Around the same time, RF had filed a motion to stay all district court proceedings pending the resolution of this appeal. The court did not immediately resolve that motion, however. After over six months of litigation pertaining to the court's jurisdiction, the court concluded that, though the existence of the Doe Defendants remained "a factual question which is likely to be the subject of formal discovery in this case," there was not a proper foundation for the state court's order of substituted service and, more specifically, that RF's contention that "such service was not reasonably calculated to result in actual notice to the Doe Defendants is well-taken." Dist. Ct. Order, Doc. No. 83, at 11-12 (filed, June 11, 2019).

Accordingly, the court vacated the state court order that had granted FPI's request for substitute service on the Doe Defendants and struck FPI's proof of service of process relating to the Doe Defendants. The upshot was that the matter that had caused the court to harbor doubts concerning its subject-matter jurisdiction—relating the citizenship of the Doe Defendants—was effectively removed from the field and rendered of no consequence by this set of rulings.

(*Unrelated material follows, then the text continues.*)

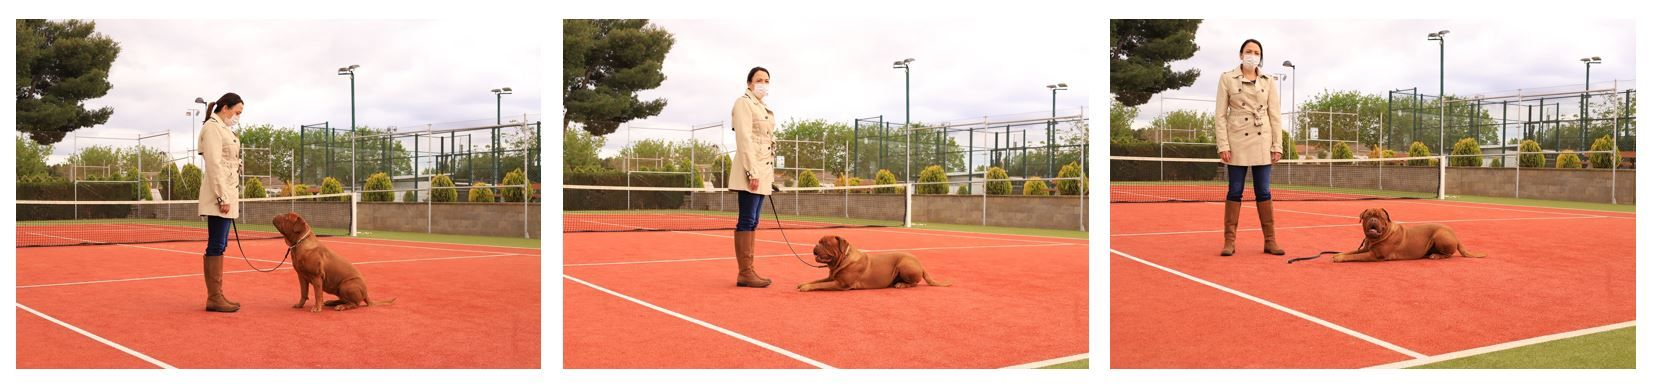 Ejercicio-N6-Ciudadano-Canino-Ejemplar_Adiestramiento-canino-BEC

Given these orders, the court put the case back on track for litigation of the merits, setting a scheduling conference to meet with the parties. At that time, in July 2019, the court denied RF's motion for stay—concluding that it was not divested of jurisdiction by RF's filing of its January 2019 appeal and specifyingat length its view that the court's December 20 order denying RF's TCPA Motion was not an appealable collateral order.

Following this ruling, RF refiled its TCPA Motion to dismiss, specifically in August 2019. However, recognizing the pendency of this appeal, the district court again denied the TCPA Motion without prejudice, expressly noting that insofar as RF's August TCPA Motion "was filed to preserve rights under the TCPA, this was unnecessary as RF's rights were preserved through its initial [TCPA] motion." Dist. Ct. Minute Order, Doc. 127, at 2 (Mar. 9, 2020).4

II
A

Federal appellate courts "have jurisdiction of appeals from all final decisions of the district courts." 28 U.S.C. § 1291. Typically, a final decision is "one which ends the litigation on the merits and leaves nothing for the court to do but execute the judgment." Catlin v. United States, 324 U.S. 229, 233 (1945). It is...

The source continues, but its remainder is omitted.